Return on Capital Employed (ROCE) 15.01%
Operating profit margin 4.9%
Inventories turnover period 19 days
Settlement period for trade receivables 41 days
Current ratio 1.63
Acid test ratio 1.35
Gearing ratio 37.44%
Interest cover ratio 8.7 times
Earnings Per Share (EPS) 22.8p

 

Using the ratios you calculated (in part a) for McCrea plc in 2019 and the above ratios for 2018, comment on the company’s performance and financial position for the two years.

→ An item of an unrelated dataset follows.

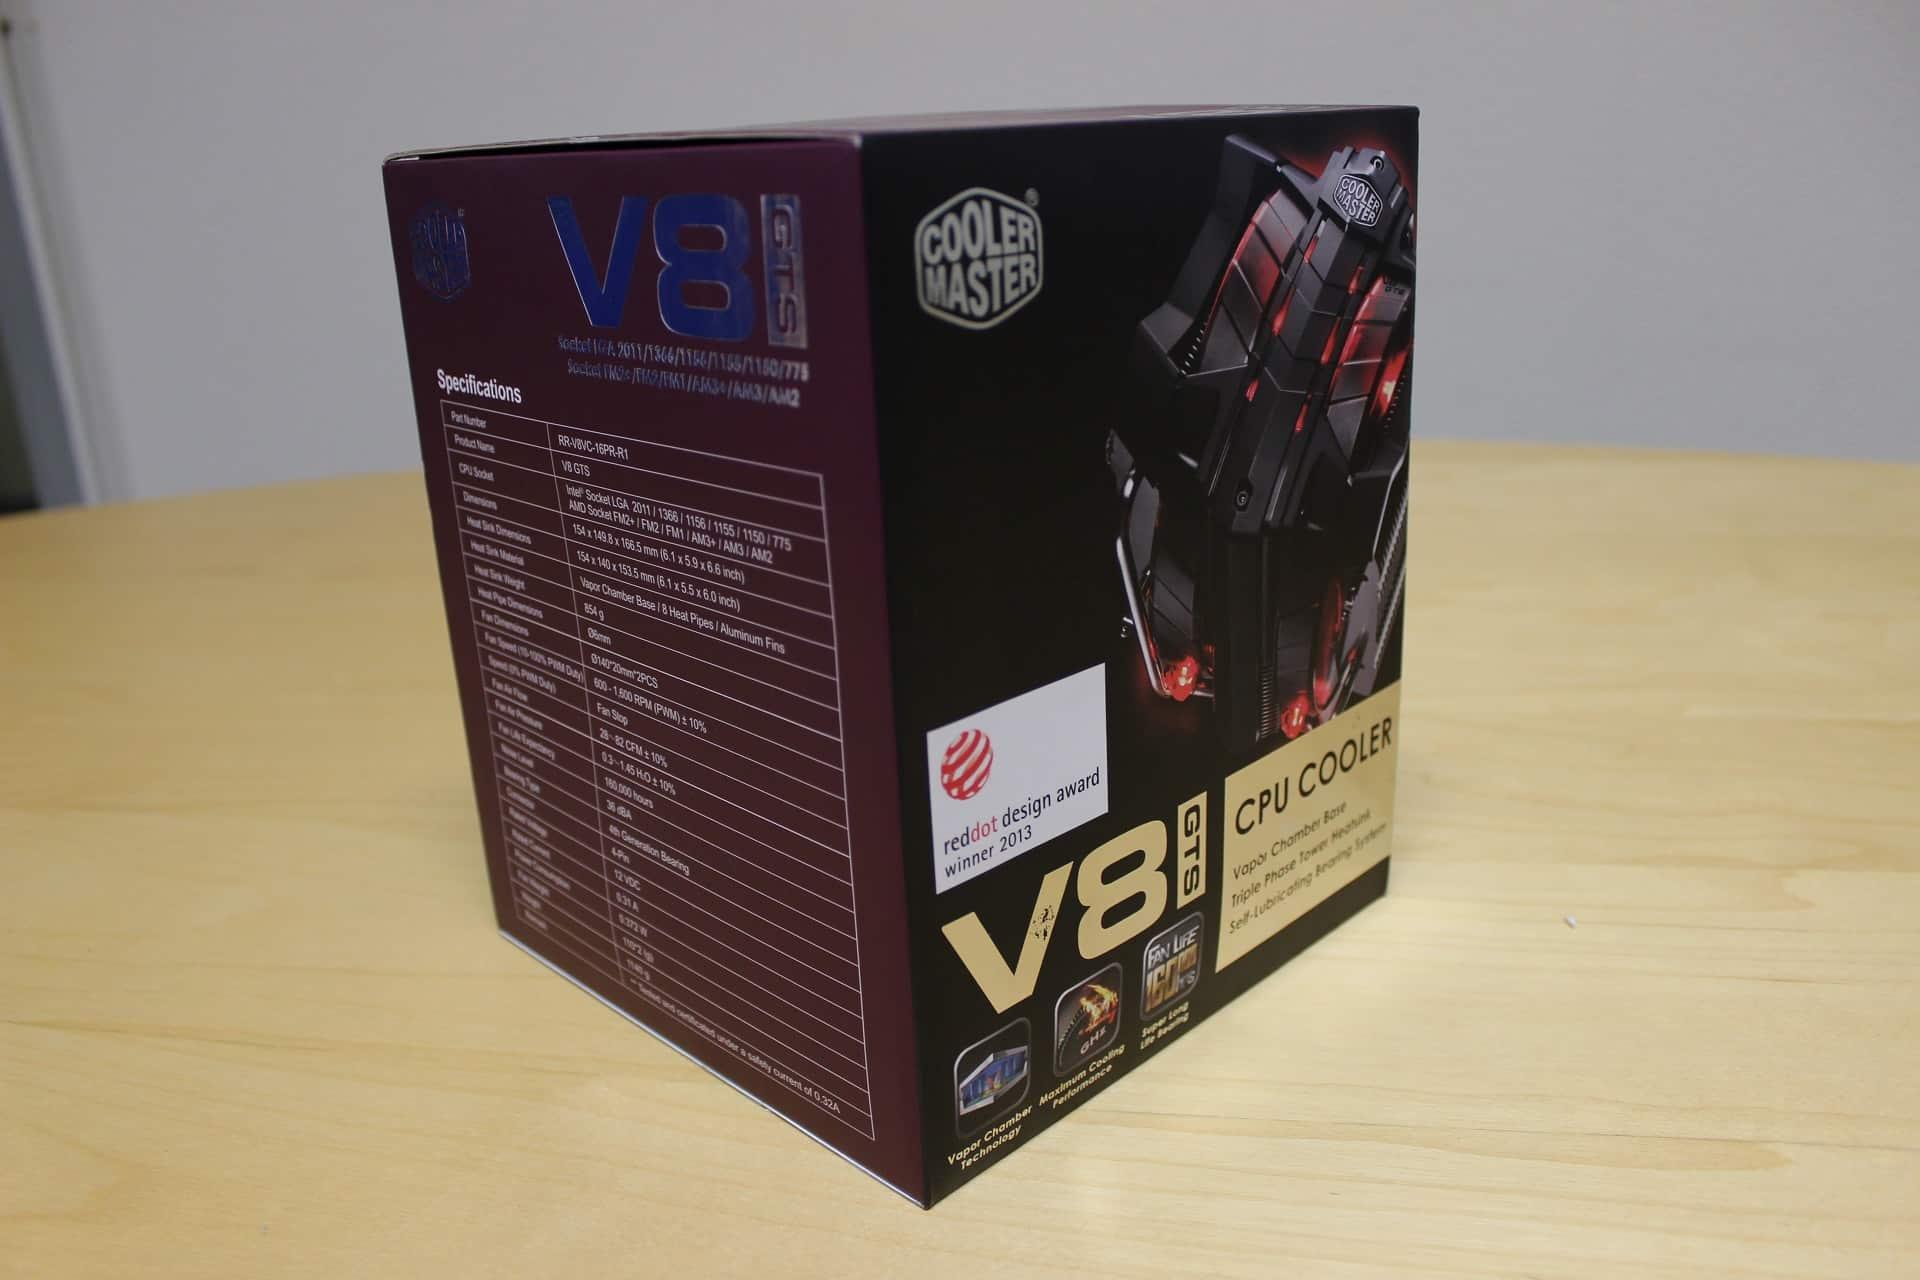 V8 GTS 8

  1. Return on Capital Employed of 15% in 2019 is similar to year 2018 of 15.01% an indication that the company is able to use its capital resource efficiently.
  2. Operating profit margin decreased slightly from 4.9% in 2018 to 4.75% in 2019.this is an indication there is a slight decrease in profitability and operation efficiency.

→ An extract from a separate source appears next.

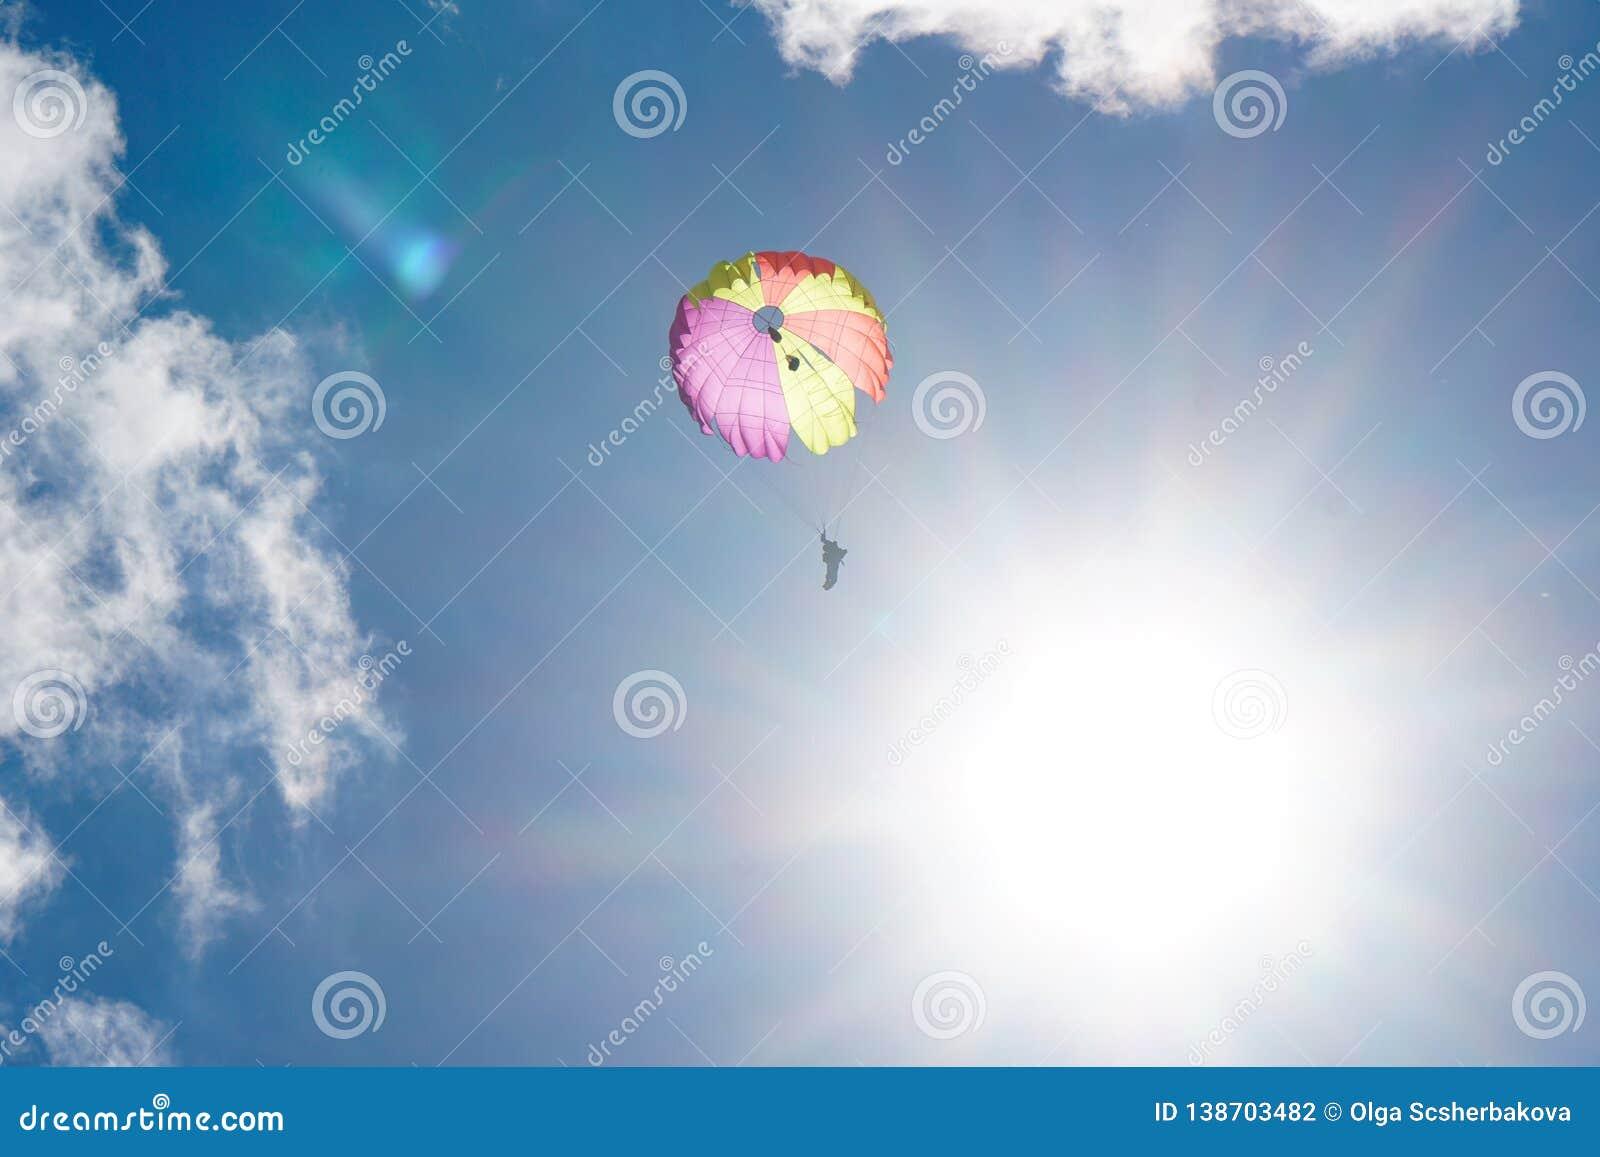 天空的跳伞运动员:墙纸

  • Inventory turnover period decreased from 19 days in 2018 to 14.98 times in 2019.This an indication that stock is moving at a lower rate compared to 2018.
  1. Settlement period for trade decreased from 41 days in 2018 to 24 days in 2019 an indication that the company is able to collect its debts faster and therefore it is able to meet its obligations.
  2. Current ratio increased from 1.63 in 2018 to 1.87 in 2019.This is an indication that the company has the ability to meet its short-term obligations.
  3. Acid test ratio decreased from 1.35 in 2018 to 1.25 in 2019.This is an indication that the company might have problems when paying debt.
  • Gearing ratio decreased from 37.4% in 2018 to 21.4% in 2019 an indication that the company is low risk.
  • Interest cover ratio increased from 8.7 in 2018 to 11.5 in 2019.The is an indication that the company is able to cover debt expense.
  1. Earnings Per Share decreased from 22.8 in 2018 to 0.54 in 2019 an indication that the company shares are losing value.